From the above, the present disclosure is capable of causing a user to perceive stereophonic
sounds through more appropriate calculation processing.
[0019] Moreover, for example, in the generating, the output sound signal may be generated
by: when the movement speed obtained is less than or equal to the first threshold,
convolving (i) a first head-related transfer function for localizing a sound at the
first position with a first sound signal relating to the first sound and (ii) a second
head-related transfer function for localizing a sound at the second position with
a second sound signal relating to the second sound; and when the movement speed obtained
is greater than the first threshold, convolving a third head-related transfer function
for localizing a sound at the third position with an added sounds signal obtained
by adding the second sound signal to the first sound signal.
[0020] When a sound image of a first sound is localized at a first position, a first head-related
transfer function is convolved with a first sound signal relating to the first sound.
When a sound image of a second sound is localized at a second position, a second head-related
transfer function is convolved with a second sound signal relating to the second sound.
As described above, when the sound images of the first sound and the second are localized
at a third position, it needs to only perform processing of convolving a third head-related
transfer function for localizing a sound at the third position with an added sounds
signal obtained by adding the first sound signal and the second sound signal together.
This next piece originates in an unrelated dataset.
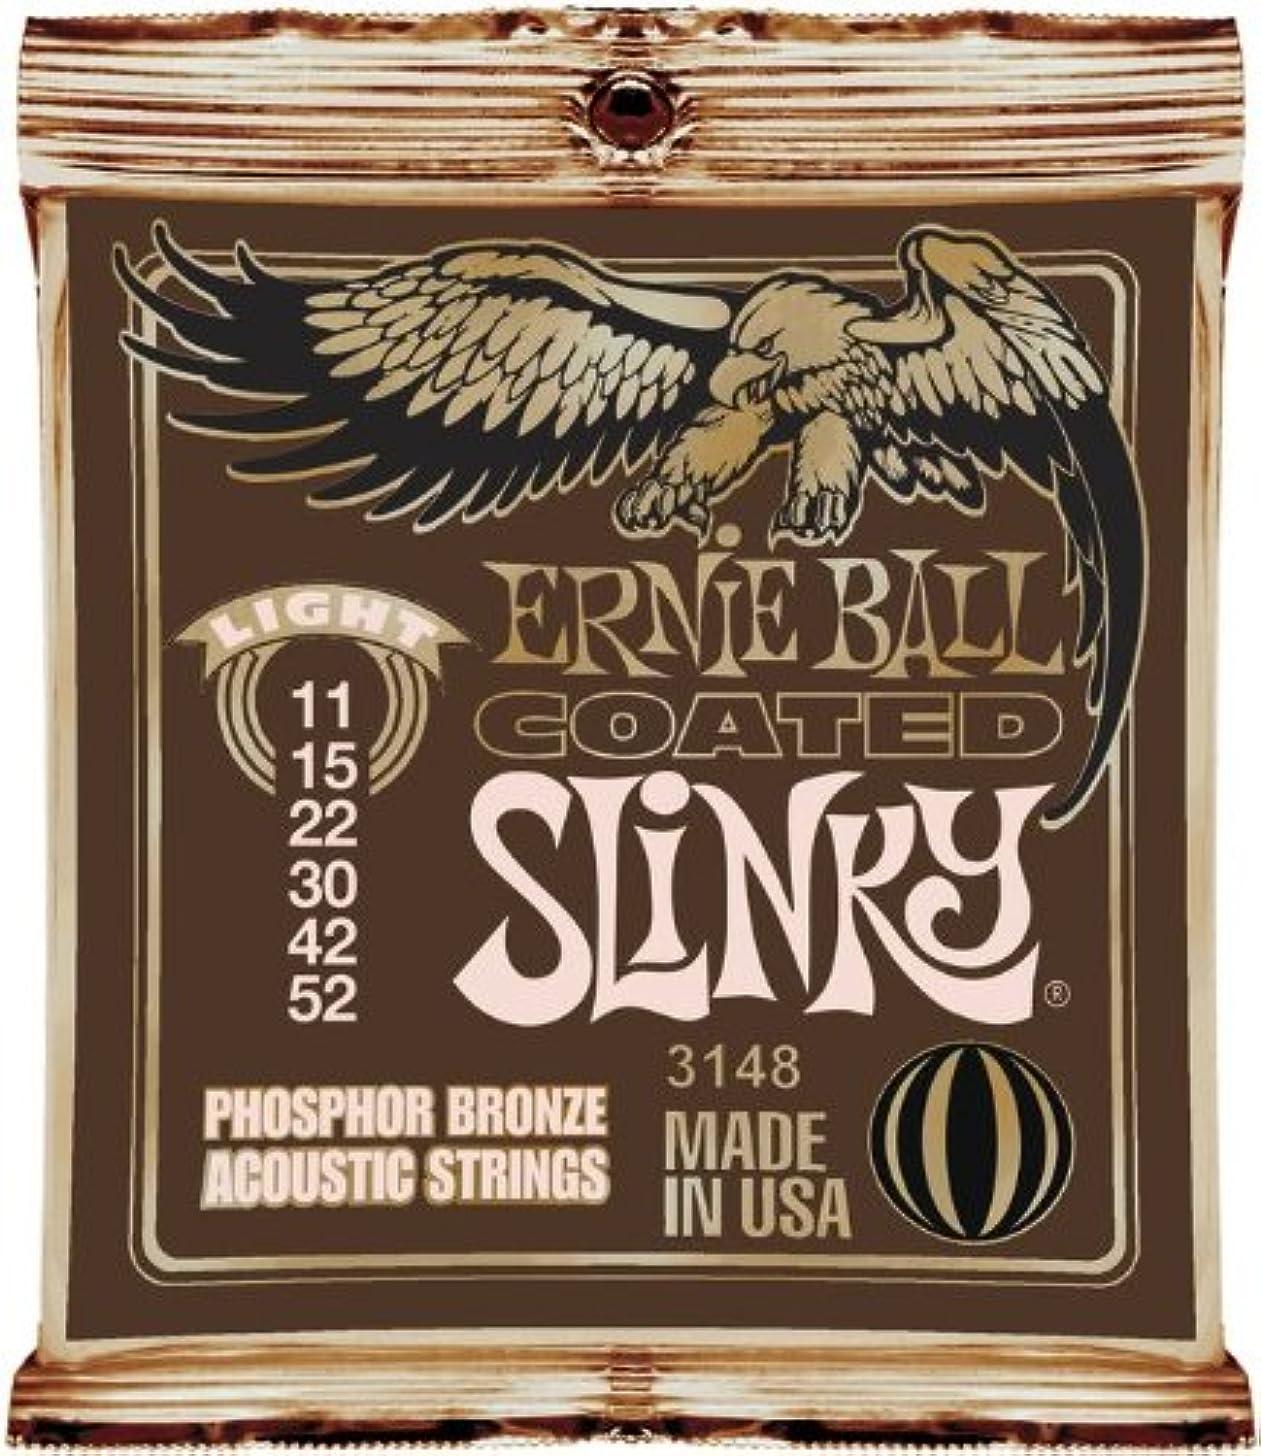 Ernie Ball 3148 Coated Slinky Acoustic Guitar Strings | Light

In other words, processing of convolving the third head-related transfer function
with the added sounds signal can be served as common processing for processing of
convolving the first head-related transfer function with the first sound signal and
processing of convolving the second head-related transfer function with the second
sound signal. Accordingly, an amount of processing is reduced. Therefore, the present
disclosure is capable of causing a user to perceive stereophonic sounds through more
appropriate calculation processing.
[0021] In addition, for example, the movement speed may be a turning speed of the head
of the user turning around a first axis that passes through the head of the user.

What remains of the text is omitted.